I’ve already praised Russert for a wonderful job in his interview as his tenacious questioning brought out the best in you. The Times today reported that you “equivocated on several issues,” as if this were a political no-no, but I found your complex answers to difficult questions refreshing. The American people are not going to respond to the other Democratic contenders in the field who try to decide from one day to the next what they believe. You are being compared to George McGovern in his 1972 contest against Richard Nixon and in a way the comparison is correct. McGovern was an honest man, expressing the honest concerns of a great many Americans. He lost badly in the Electoral College, but the Democratic Party did well, retaining control over the House and Senate.
I knew McGovern and liked him a lot, but his anti-Vietnam War stance was not enough to do much more than elevate that issue while his economic platform was a joke. Do you remember the McGovern “demogrant,” which would send $1000 to every American under the median income level, in hopes it would spur consumer demand and dig the economy out of the doldrums. The problem was that Nixon had gone off the gold standard in 1971 and the floating dollar was wrecking the US and the world economy. Remember “bracket creep,” as the inflation pushed ordinary workers into tax brackets originally designed for the Rockefellers?

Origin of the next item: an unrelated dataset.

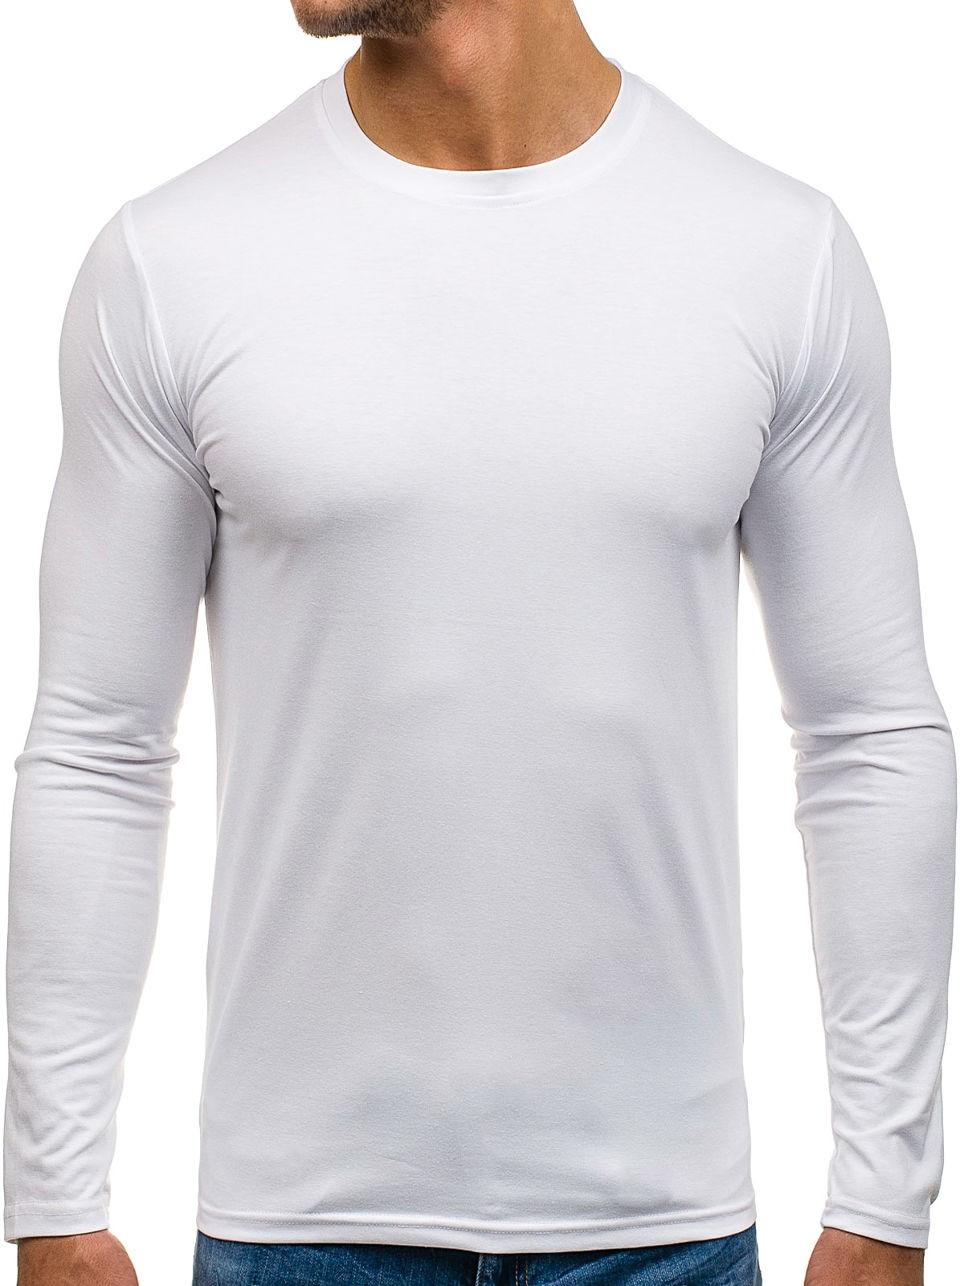 тенденции мужской моды осень зима: футболка с длинными рукавами белая

With all due respect, Governor, I think that while your strengths are considerable and have persuaded me that they might actually carry you to the nomination, your weakness is economics. It is a problem for all the other Democratic contenders as well. The fact that you have changed your mind on so many policy issues over the years, on the other hand, tells me you do not mind telling the voters you made a mistake and will correct it. The electorate is never angry at a President who tries his best, changing course in a trial and error process. Franklin Roosevelt was the best example of a President who tried everything to dig the US economy out of the Great Depression, while Republicans on the sidelines never realized that it was the Herbert Hoover policies that brought about the Crash of 1929 and the Great Depression.
The fact that you have 35,000 volunteers that have signed up because of your website suggests there is the possibility of a grassroots brushfire, but you will need a little help at the margin in figuring out how to grow the U.S. economy. I’m a former Democrat who voted for President Bush and might do so again next year, but I have made it a practice over the past 25 years at Polyconomics to offer advice without payment to political candidates of both major parties and to independents as well. You admitted to Russert that you are not an expert on national security and would as President call upon experts who agree with your basic philosophy. That’s hardly equivocation. The same is true of macro-economics. As a medical doctor with a successful hands-on experience as the governor of a state, you can safely make changes in your economic platform as you go along and draw upon the expertise of people who can help you manage the national economy as you have managed Vermont’s. Good luck today, which I understand is the day you officially announce your candidacy.